Additionally, variable interdependencies in complicated equations also make it extremely difficult to debug, make code changes to, and support the equations. In fact, changes to the equations or the code associated with the equations often require substantial programming resources and take a considerable amount of elapsed time to implement.
In various embodiments, methods and a system for providing and integrating evaluations or calculations on an equation-based processing data structure are provided. An equation is broken down into types of objects and represented as an abstract syntax tree (AST) data structure within memory and/or storage of a device. The object types are nodes located at different hierarchical levels of the AST data structure while dependencies between the object types are modeled as branches between the nodes of the AST data structure.
As will be demonstrated herein and below the AST data structure (hereinafter just “AST”) is processed to evaluate custom scenarios or conditions associated with the equation to provide processor and memory efficient results to a network service, a system service, a mobile application, and/or a browser. The AST can be lazily and/or eagerly evaluated in real time based on the custom conditions. The AST can be evaluated to identify an impact by a given condition or a given set of conditions on the overall output result produced by the equation. Furthermore, the objects of the AST include comments or annotations allowing the AST to identify components of the equation known to be more adversely impacted by a bug. The AST can be evaluated to perform granular impact analysis versus different component impact analysis. The AST can be evaluated to generate partial results from custom sub components of the equation, to provide compliance evidence for the equation, to debug issues detected within the equation, to compute an impact of each component on the overall results from the equation, to validate intended or planned changes to the equation, to maintain partial computed results from different components or the equation within a cache or a log so as to provide fast response times when evaluating the equation for a given change being proposed in real time, and to adapt equation results through partial re-evaluation of the equation without processing the entire equation.
In an embodiment, the cache or log includes a local storage or memory for a given node of a plurality of nodes for the AST. A given node holds a value and when the value is requested, the node returns an already previously computed value and/or computes the value, stores it locally, and returns the computed value. In an embodiment, the cache or log is a read-through cache.

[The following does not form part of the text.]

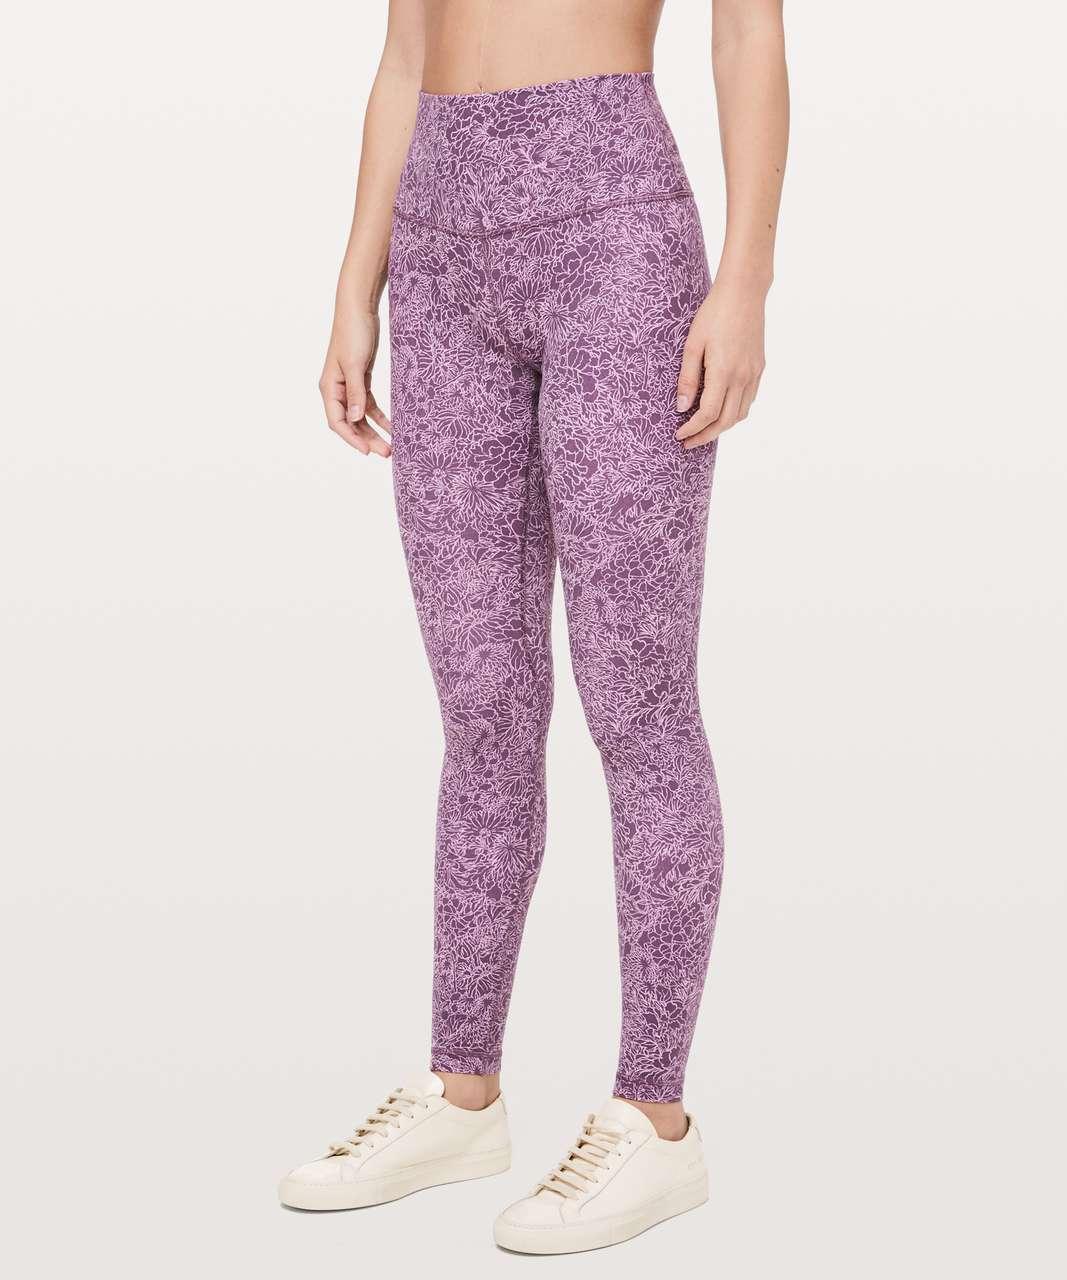 """Lululemon Align Pant *Full Length 28"""" - Arabesque Antoinette Smoky Quartz"""

In an embodiment, and in certain nodes where auditing or subsequent mutation is not necessary, the certain nodes can be represented as constant values instead of functions for optimization. For example, if a node is a function that adds 1 and the input value is 2, then the node within the AST can be replaced with a constant value of 3 as soon as the node associated with the input value of 2 is evaluated a first time for the equation represented in the nodes of the AST. This permits the AST itself to be reduced or consolidated such that it can become extremely small, awaiting only some final missing input values. For example, when the equation is associated with computing an insurance premium, and the only missing variable value is a driver's age, the entire AST can be evaluated by converting all nodes into constants and pruning previously dependent nodes such that the AST shrinks down to just a function node that requires age, a constant node that holds the value of evaluating the remainder of the equation, and a node that combines those two nodes, i.e., the AST becomes something akin to a factor for age function times a partially computed factor. The AST can be persisted or transmitted in this form such that the final evaluation of the equation can be done extremely quick and processor efficient, i.e., “just in time.”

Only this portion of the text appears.